Autonomous technology is a logical extension of Amazon's attempt at creating its own third-party logistics channel. They see the company becoming a direct rival to the likes of Tesla Inc. and General Motors Co., with the potential for Amazon to succeed in food delivery and ride-sharing.

"Other firms in the automotive and chip industries have also held negotiations with Zoox about a possible investment. Aside from Amazon, at least one other company has offered to buy them. Zoox is not likely to sell unless it receives an offer over $1 billion, which it previously raised," commented Michael Carter, Head of Global Equities at Osaka Matsui Management.

The start-up certainly had ambition. By 2020, Zoox was aiming to build a fully self-driving car.

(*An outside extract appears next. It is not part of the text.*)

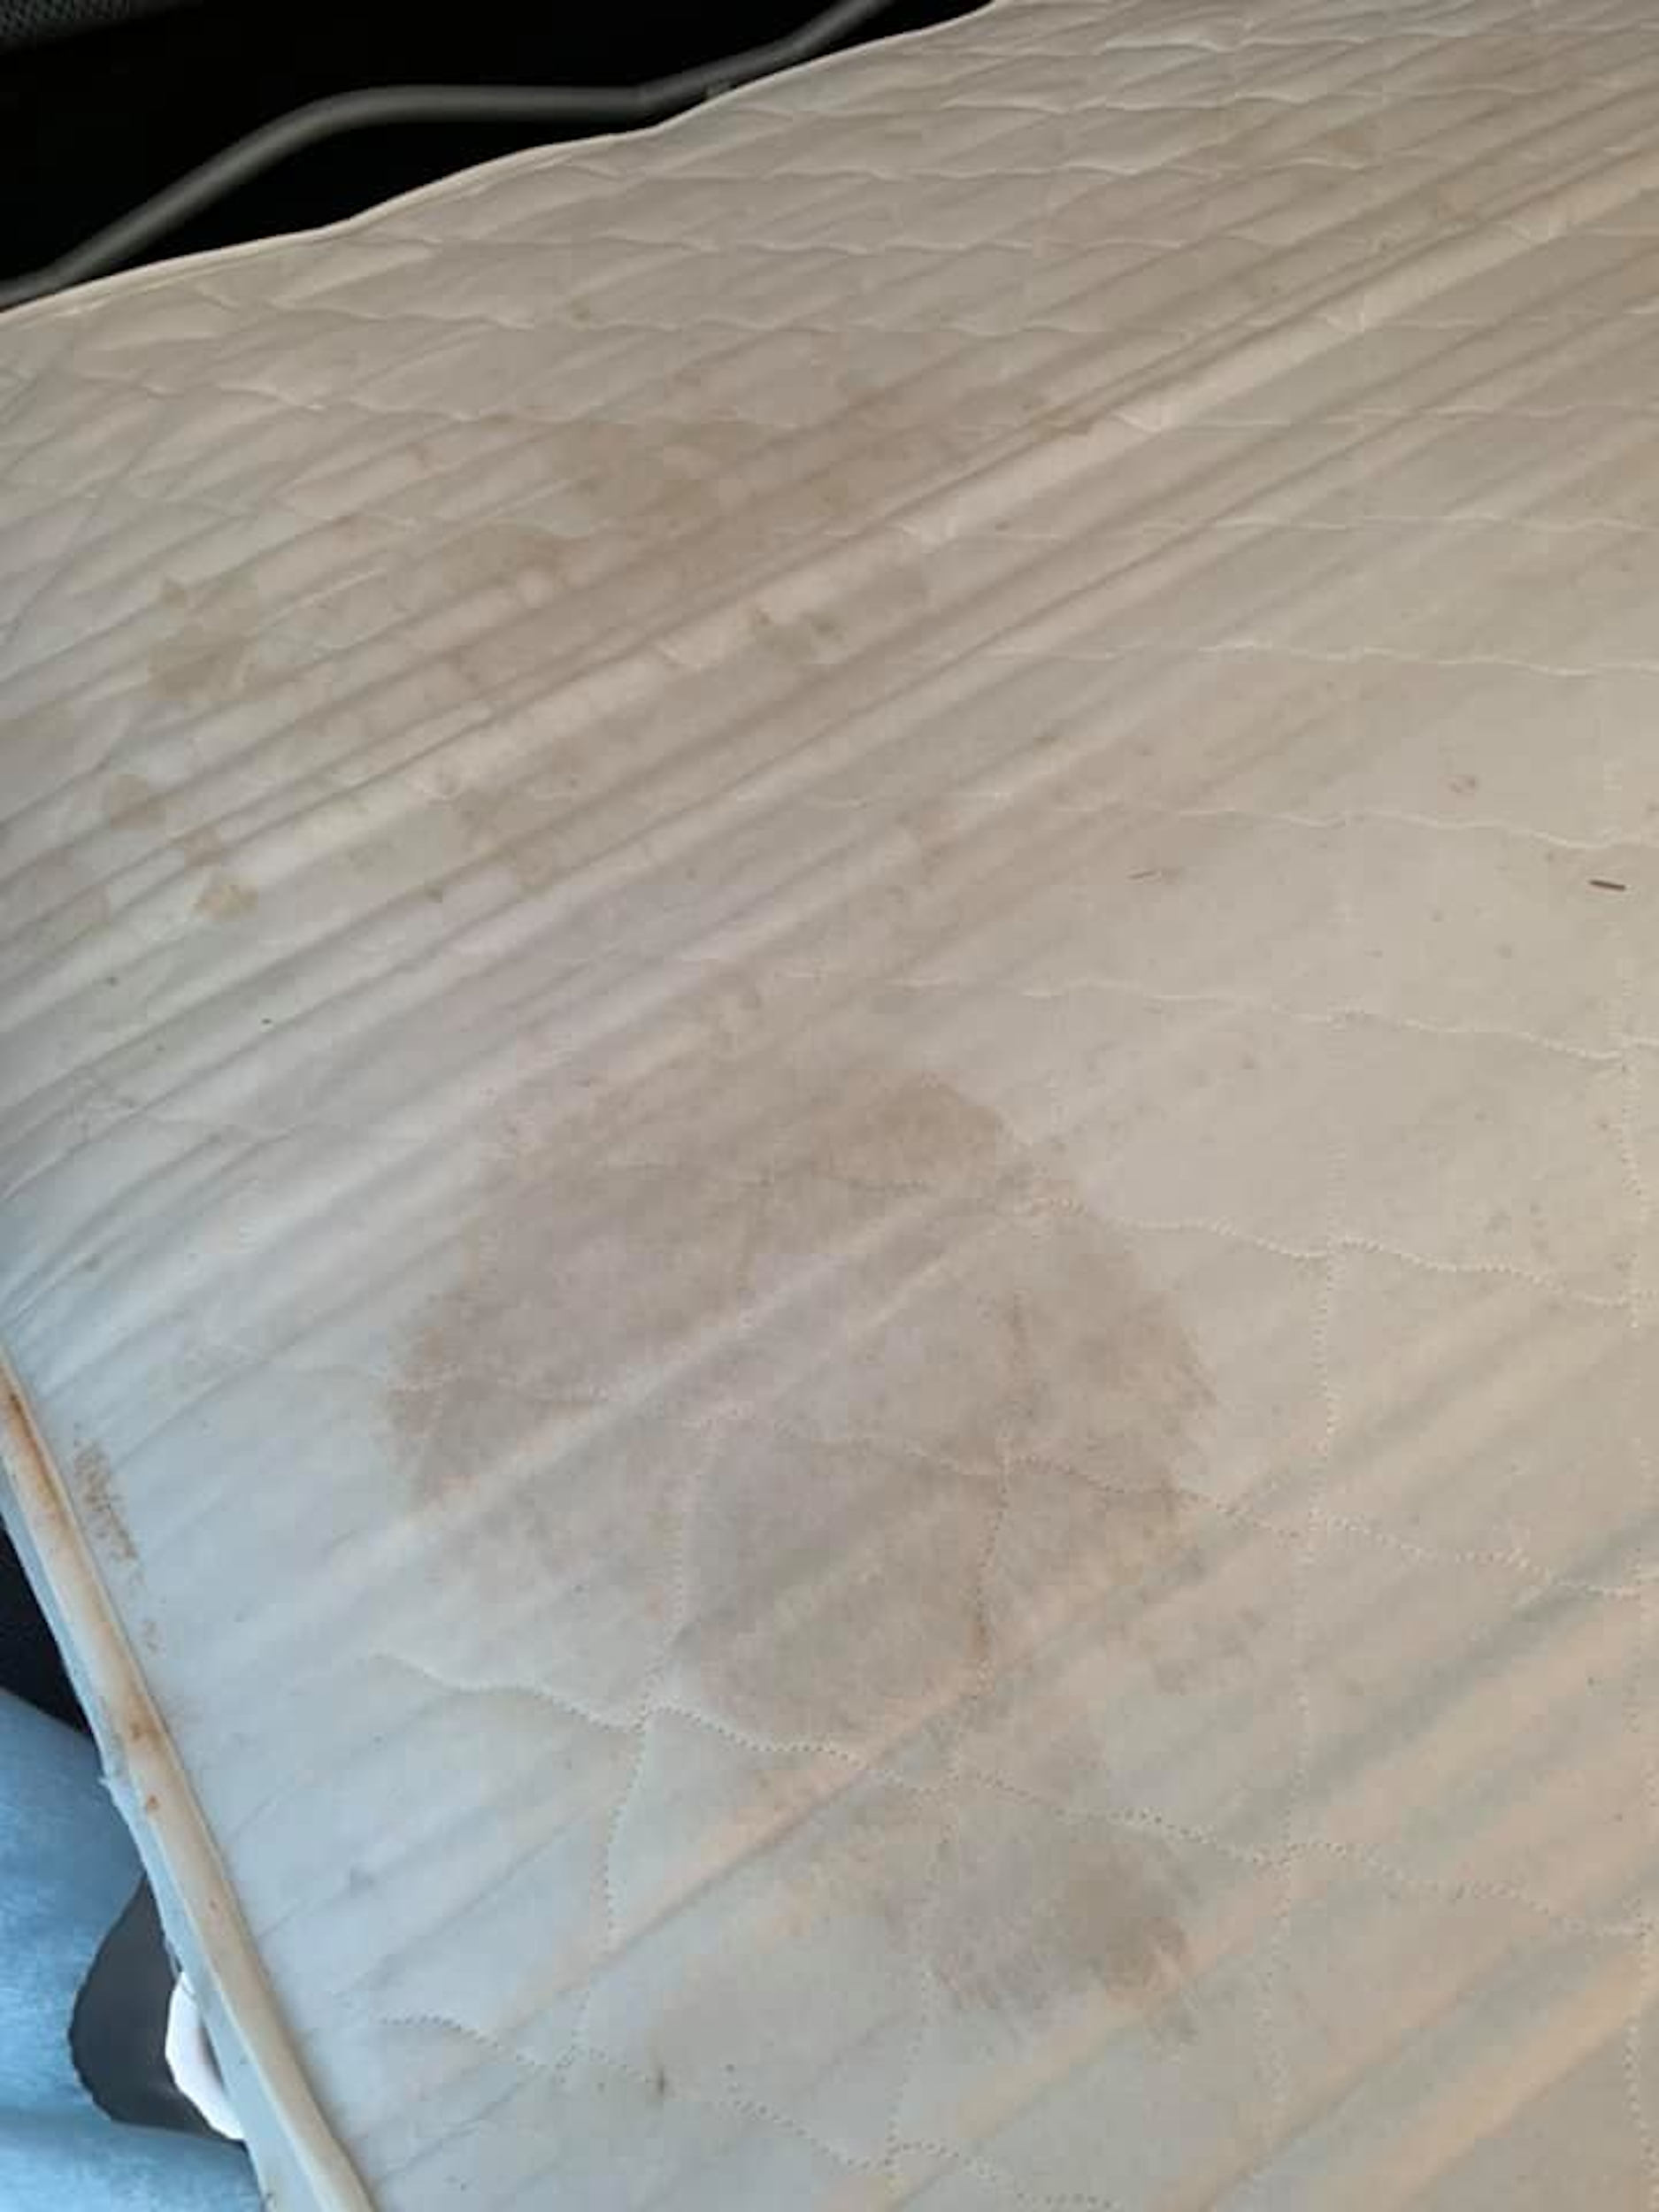 Stains on mattress

However, the start-up's board voted to remove Chief Executive Officer, Tim Kentley-Klay, following a 2018 funding round that valued Zoox at $3.2 billion. The executive opposed the move, saying the directors were "optimising for a little money in hand at the expense of profound progress."

Dow Jones reported Amazon is in advanced talks to purchase Zoox for less than the 2018 valuation of $3.2 billion.

Amazon is committed to spending aggressively on automating its e-commerce business. In 2012, the online retail juggernaut paid $775 million to acquire warehouse robot-maker Kiva Systems Inc., and now has tens of thousands of robots in warehouses globally.

But paying drivers for delivering packages is still one of the company's highest operating costs. Chief Executive Officer Jeff Bezos revealed plans for drone delivery in 2013, but they have failed to materialise at scale. Last year, Amazon unveiled an experimental delivery robot in the Seattle area called Scout that rolls like a shopping cart on sidewalks.